→ EXERCISE OBJECTIVE:
Using the data below, restate exactly every line from the one with "Buy LG TVs San Diego La Jolla" up to and including the one with "Mayoral Leopard Print Sweater - Makeup". No picture belongs in it.

→ GIVEN ENTRIES:
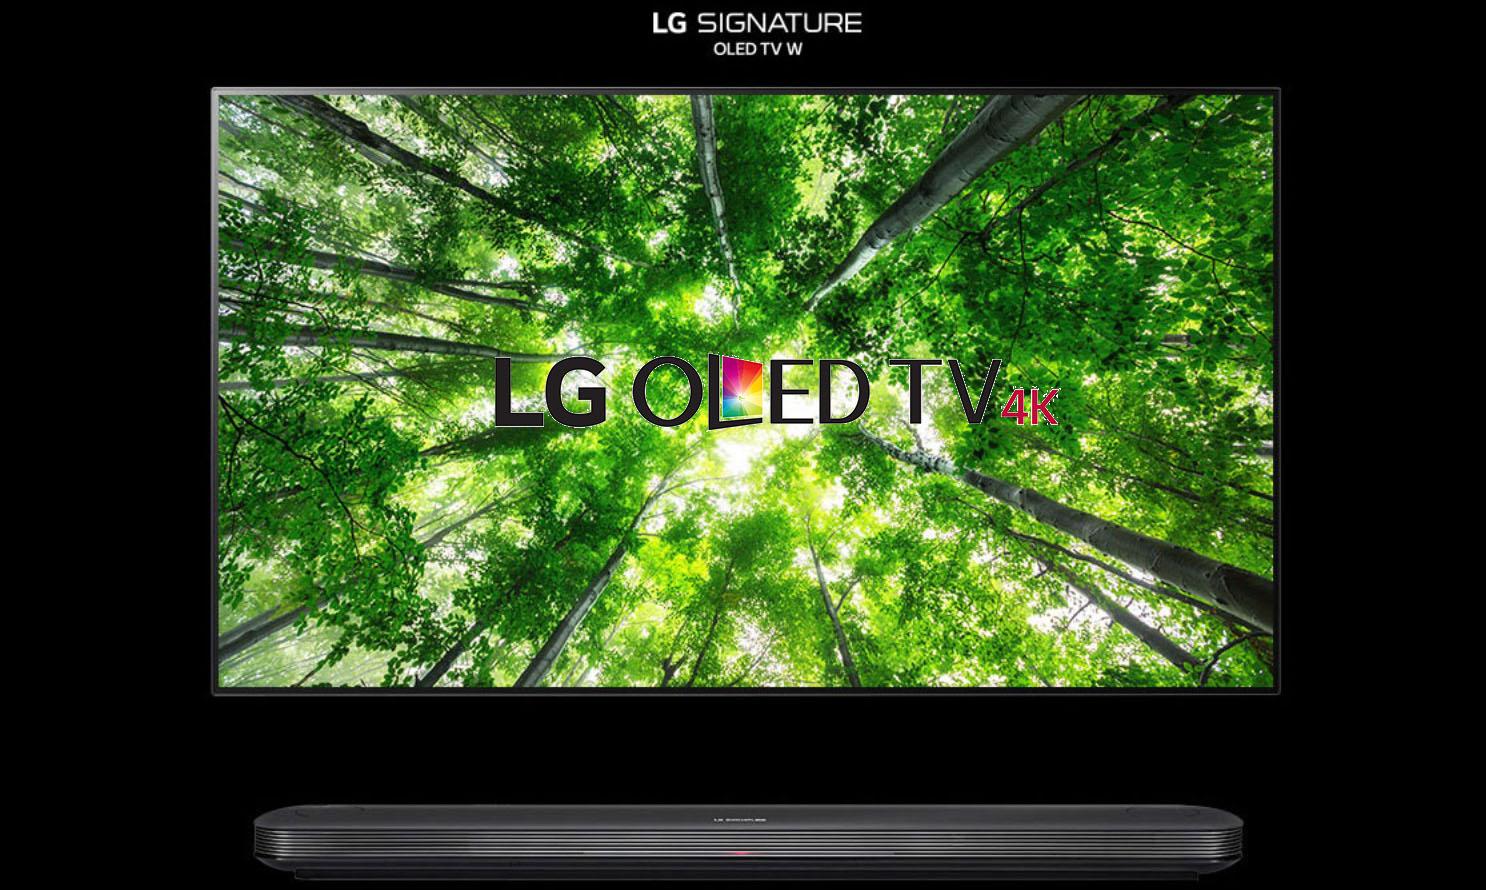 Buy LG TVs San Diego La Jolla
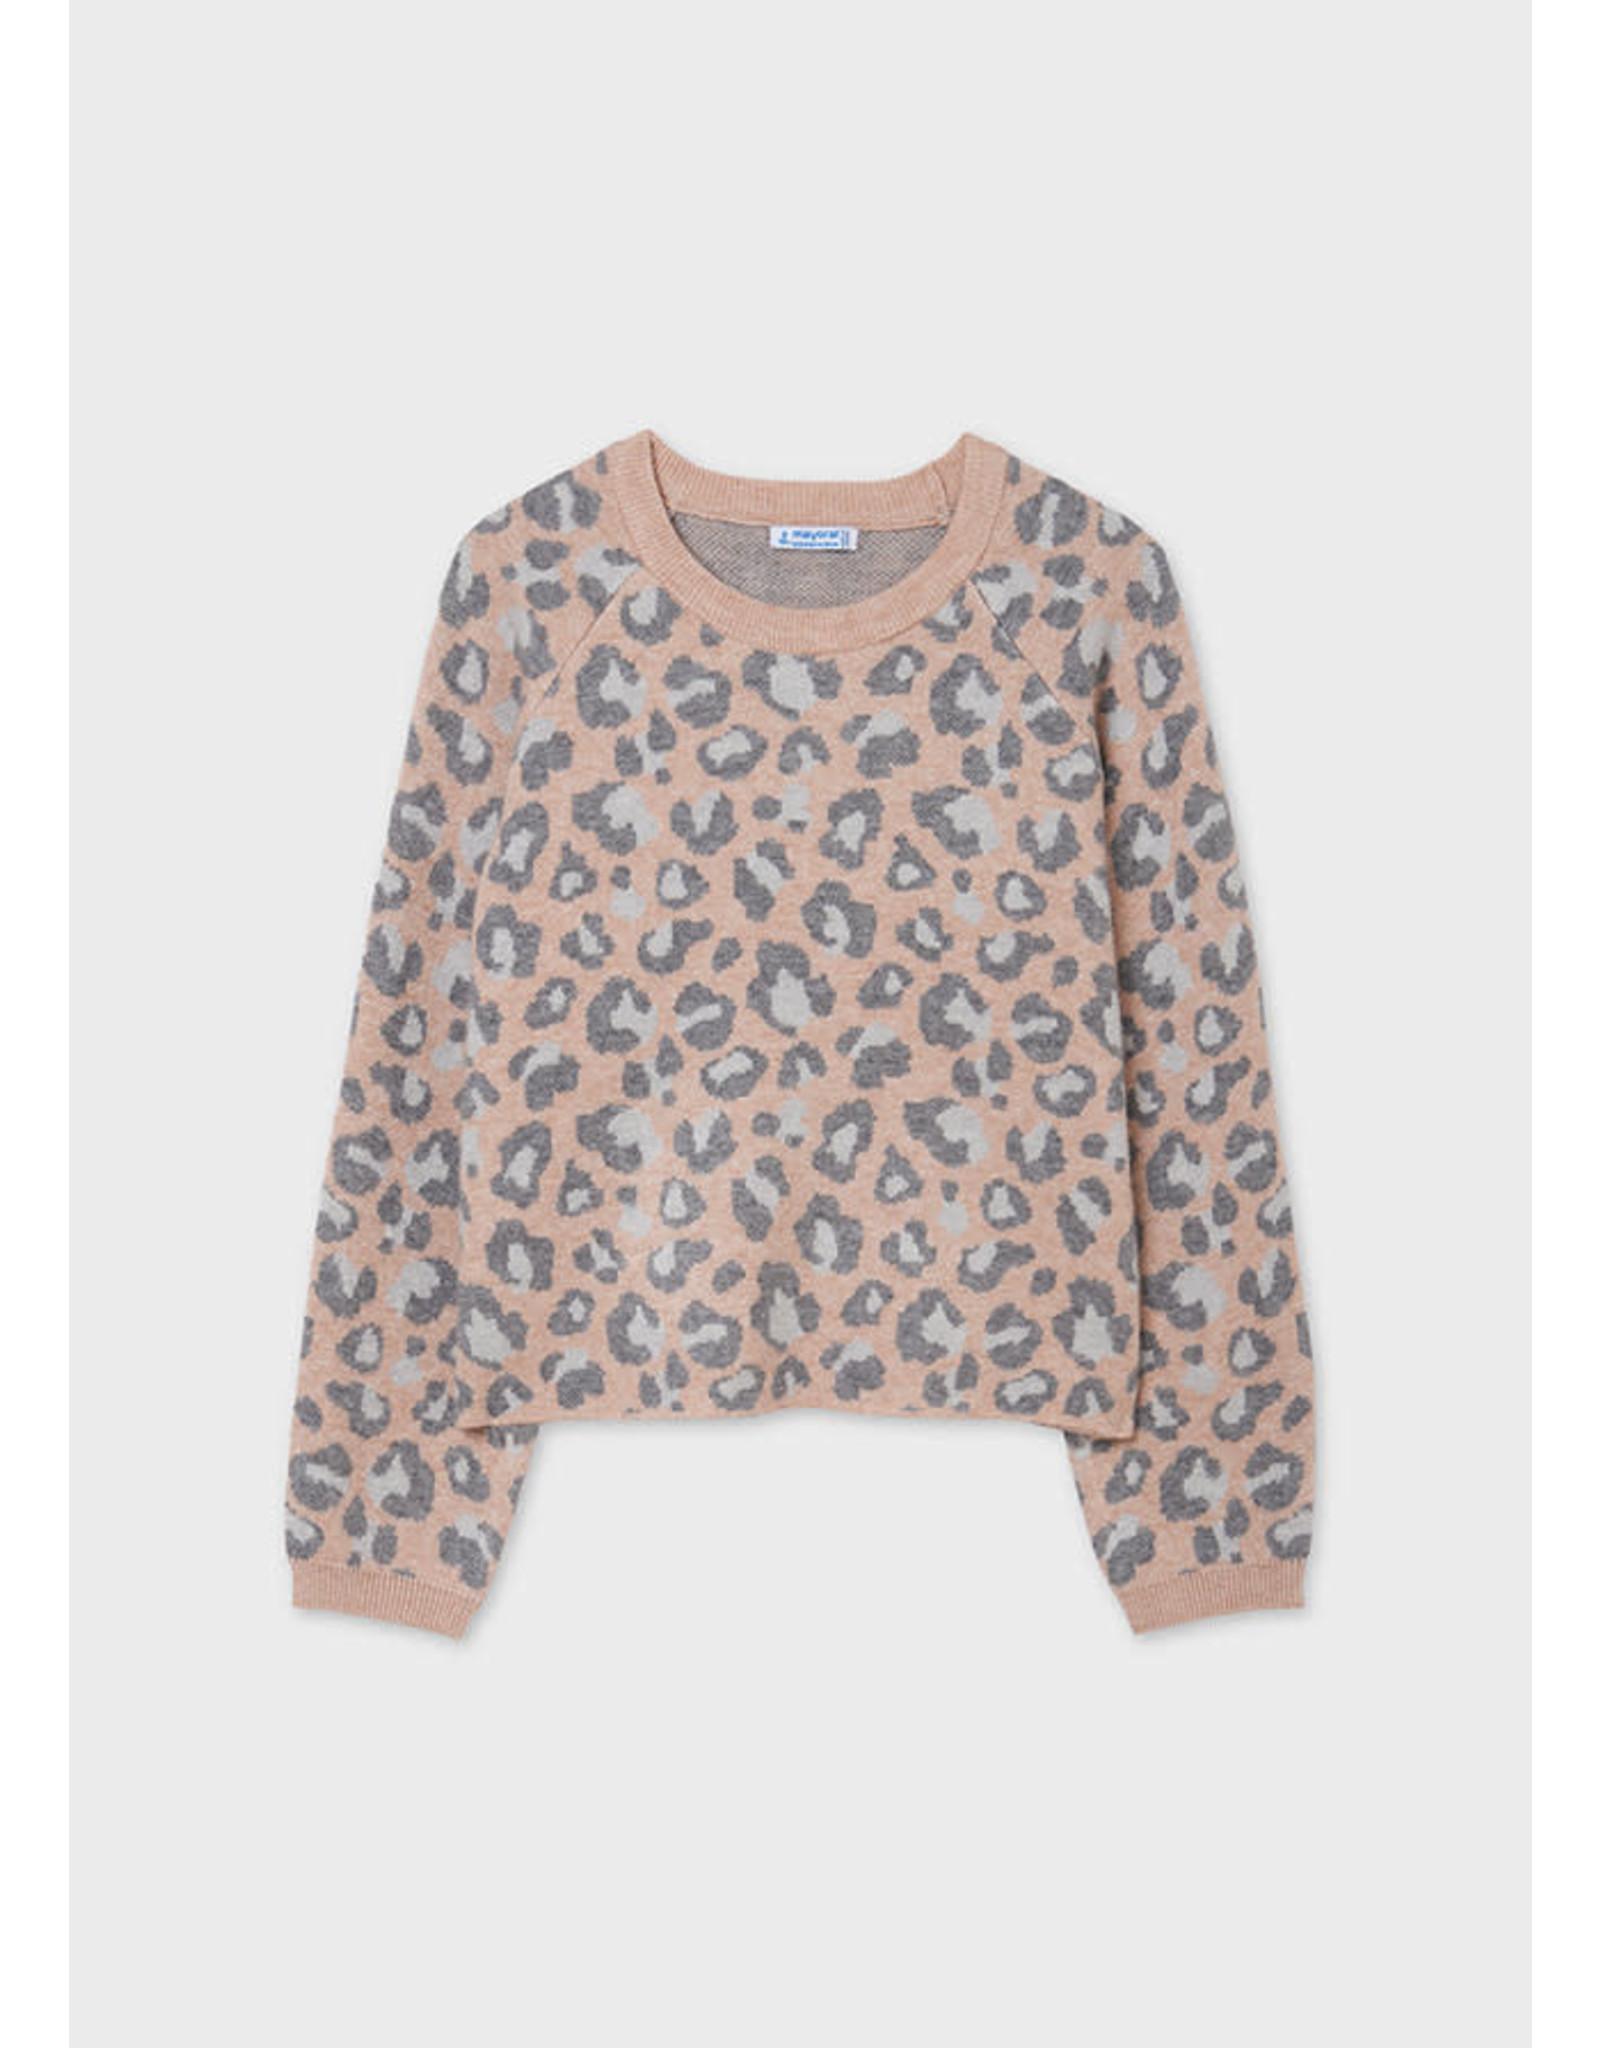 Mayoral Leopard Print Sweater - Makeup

==

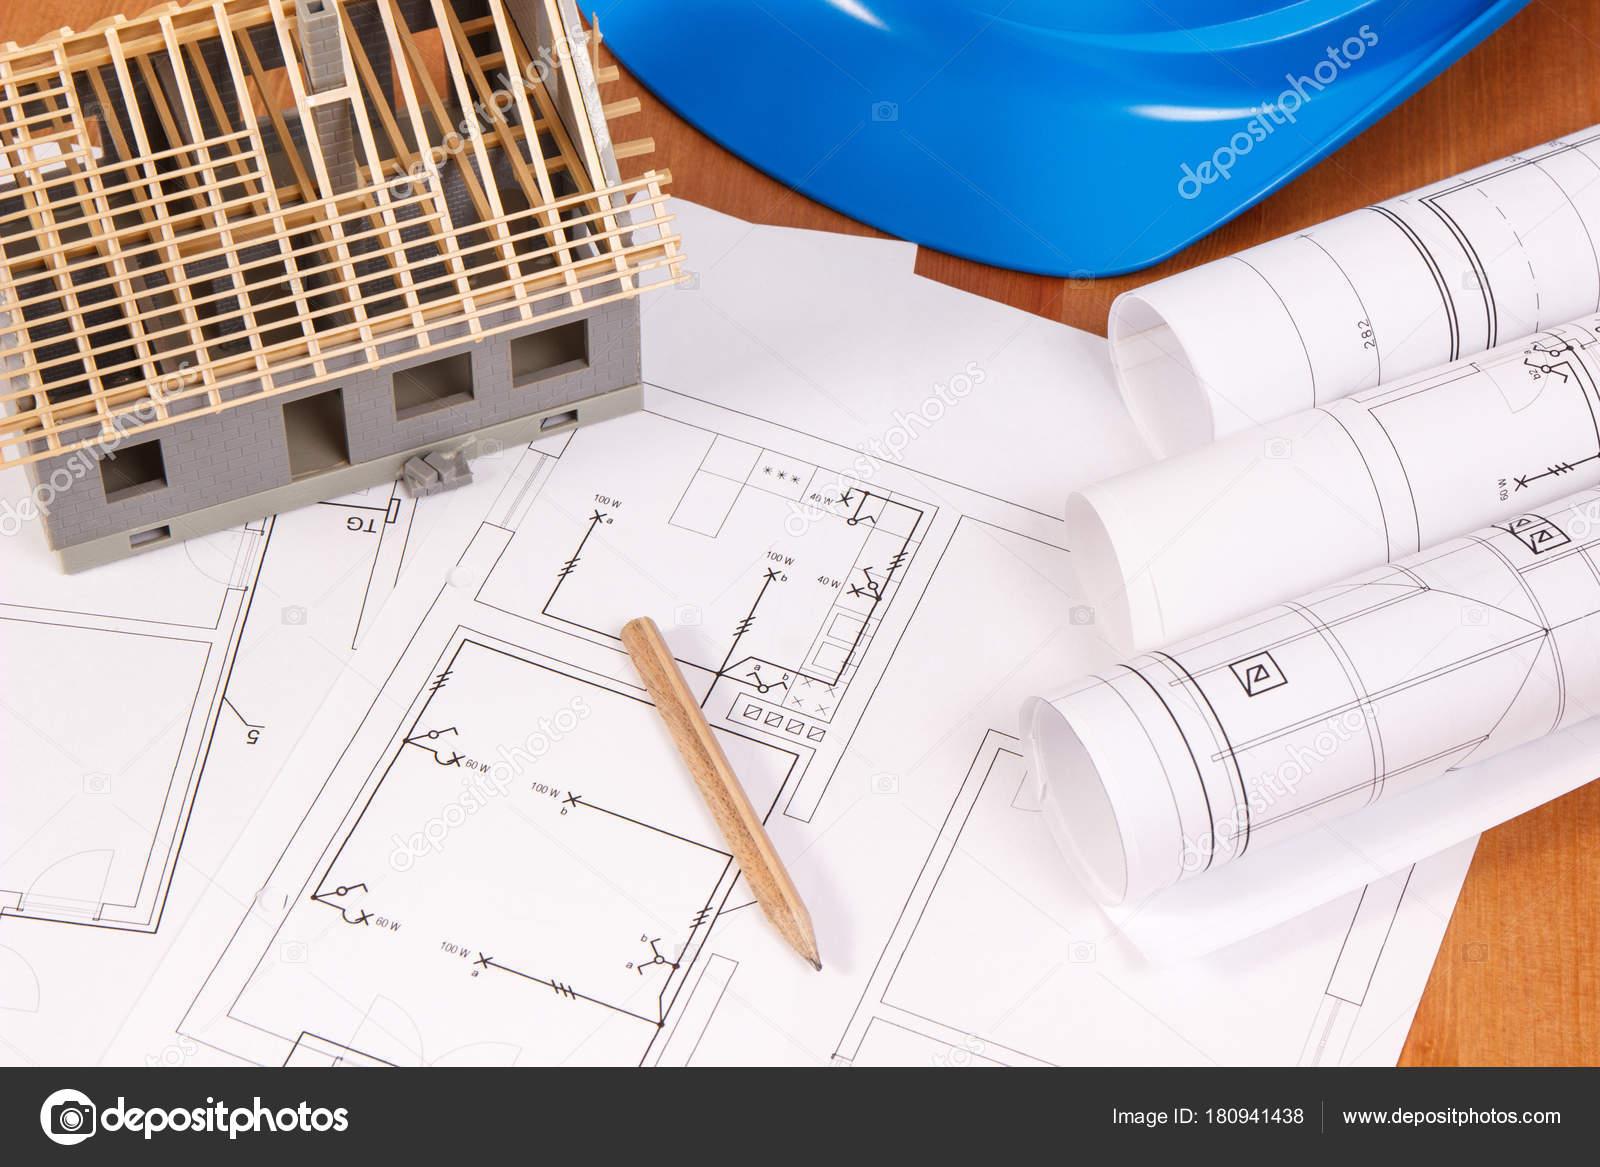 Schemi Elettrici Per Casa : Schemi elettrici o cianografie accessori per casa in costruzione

→ OUTPUT OF THE TASK:
 Buy LG TVs San Diego La Jolla
 Mayoral Leopard Print Sweater - Makeup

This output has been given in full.